▸ **TASK STATEMENT**
Every line below must come back exactly as it stands, with the images omitted.

▸ **PROVIDED DATA**
-=-=-
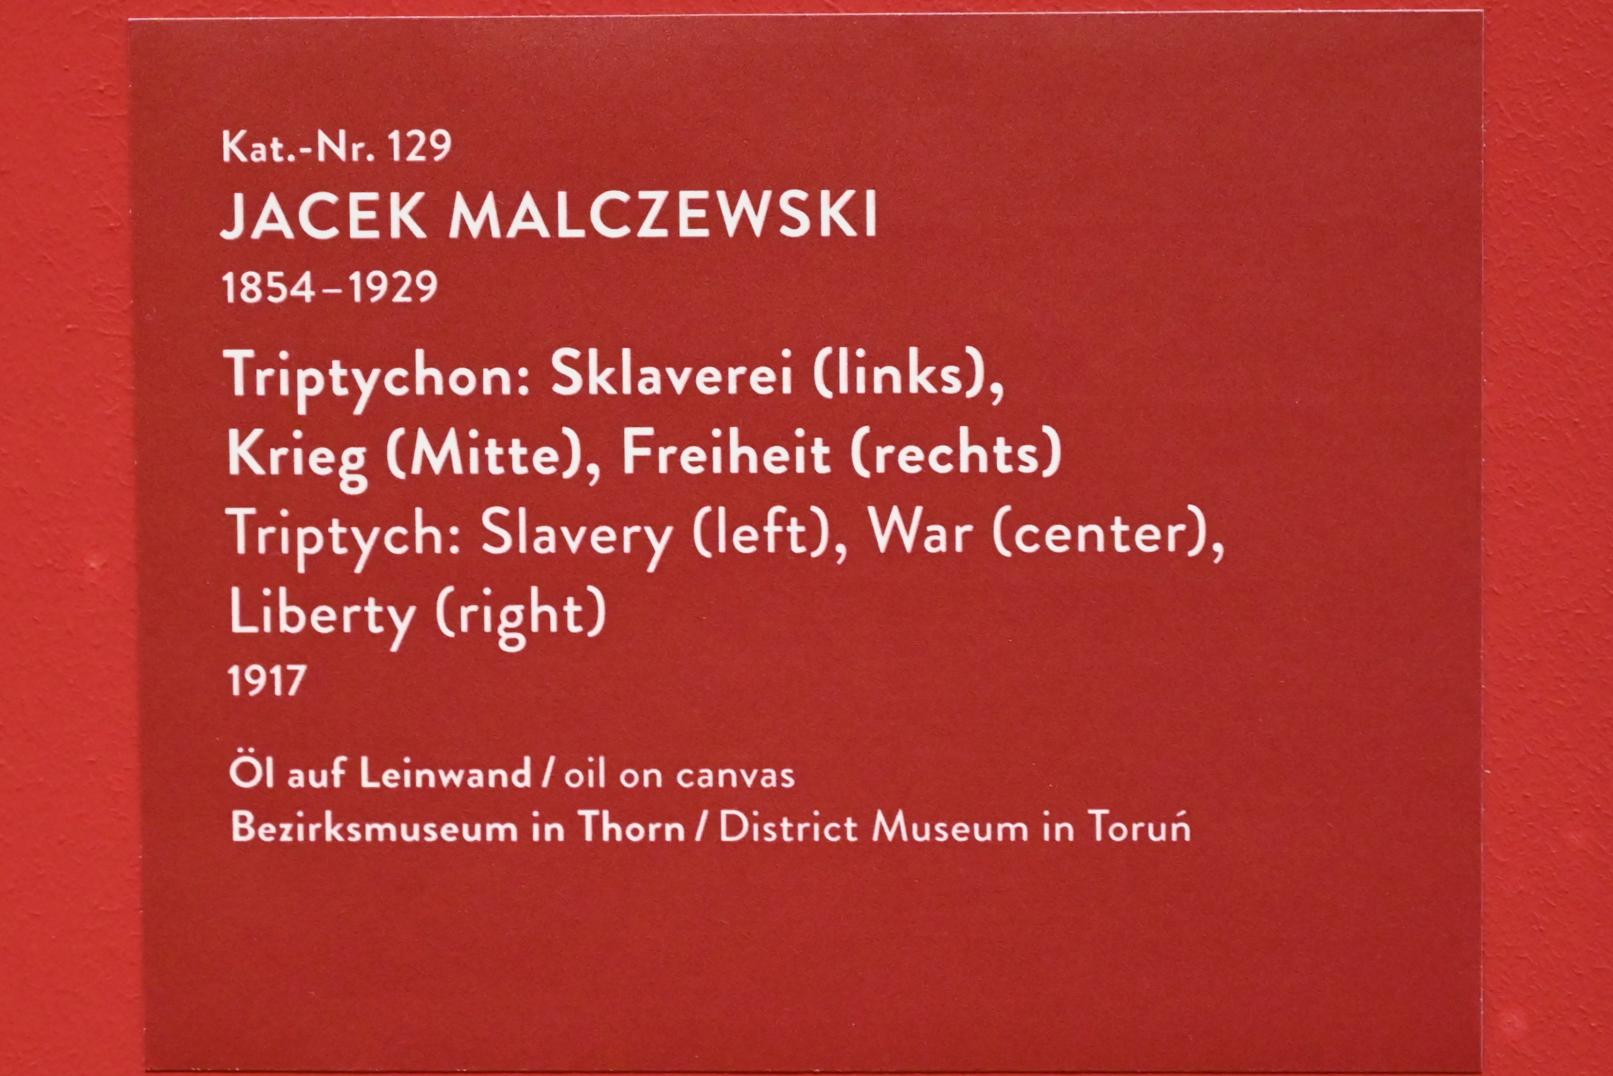 Jacek Malczewski (1876–1917), Triptychon: Sklaverei (links), Krieg (Mitte), Freiheit (rechts), München, Kunsthalle, Ausstellung "Polnischer Symbolismus um 1900" vom 25.03.-07.08.2022, Saal 11 - Polonia, 1917, Bild 2/2
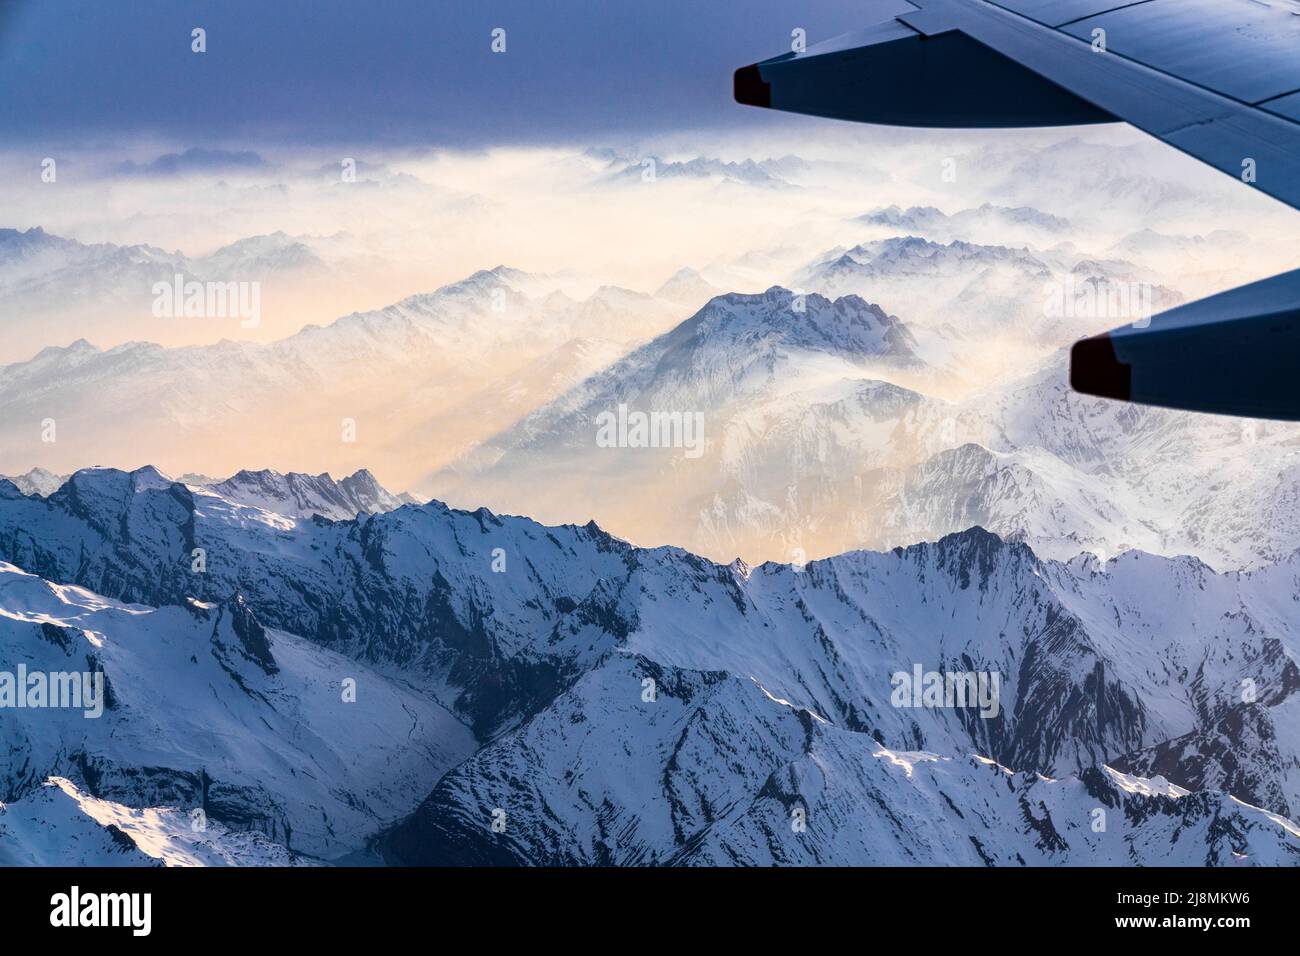 Avion survolant Leponntine et Alpes du Tessin couvert de neige au cours d'un coucher de soleil brumeux, canton de Graubunden, Suisse Banque D'Images
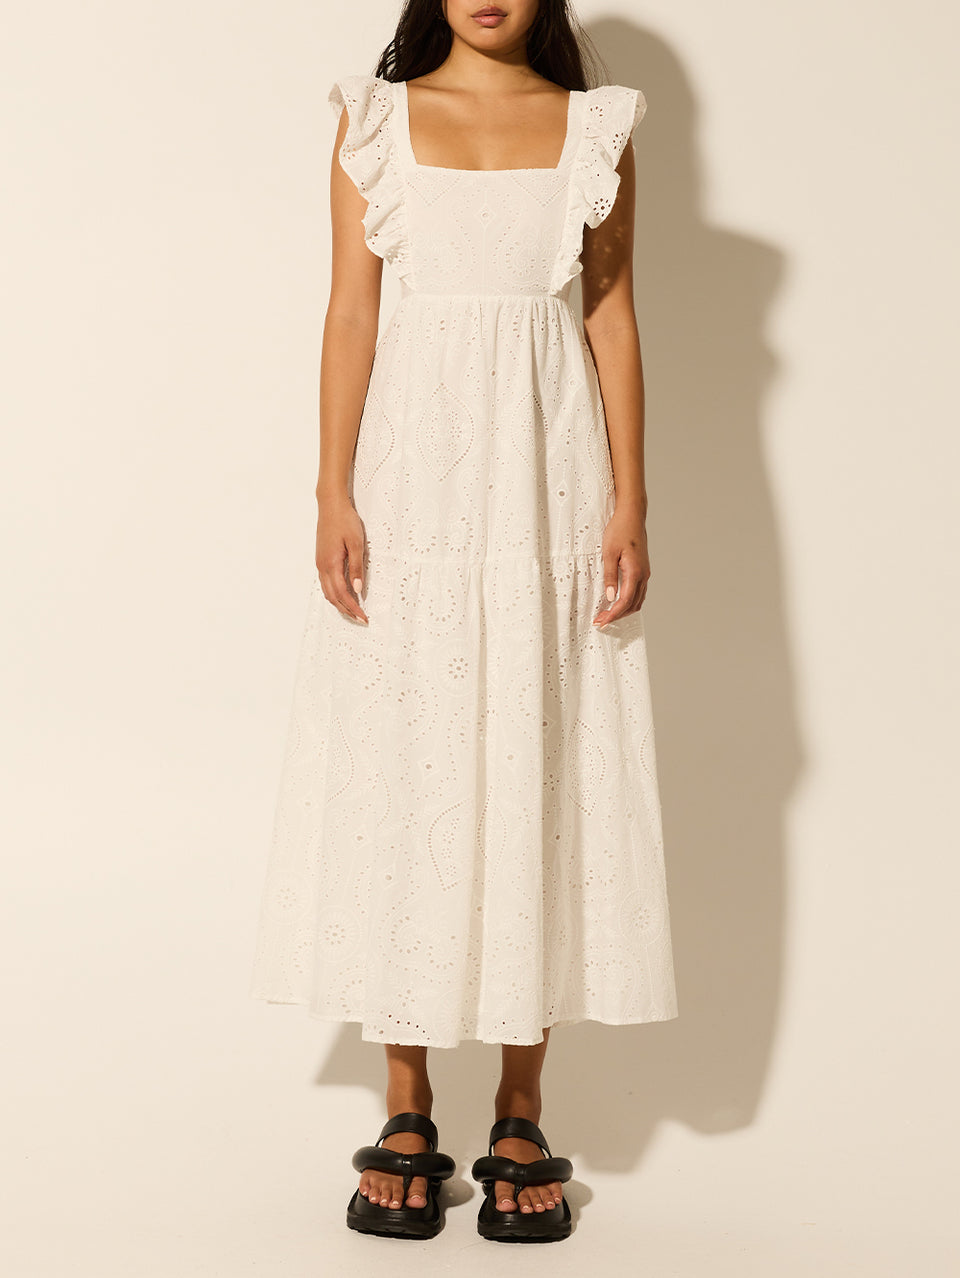 Clove Midi Dress KIVARI | Model wears white embroidered midi dress
-=-=-
▸ **RESULT BELOW**
 Jacek Malczewski (1876–1917), Triptychon: Sklaverei (links), Krieg (Mitte), Freiheit (rechts), München, Kunsthalle, Ausstellung "Polnischer Symbolismus um 1900" vom 25.03.-07.08.2022, Saal 11 - Polonia, 1917, Bild 2/2
 Avion survolant Leponntine et Alpes du Tessin couvert de neige au cours d'un coucher de soleil brumeux, canton de Graubunden, Suisse Banque D'Images
 Clove Midi Dress KIVARI | Model wears white embroidered midi dress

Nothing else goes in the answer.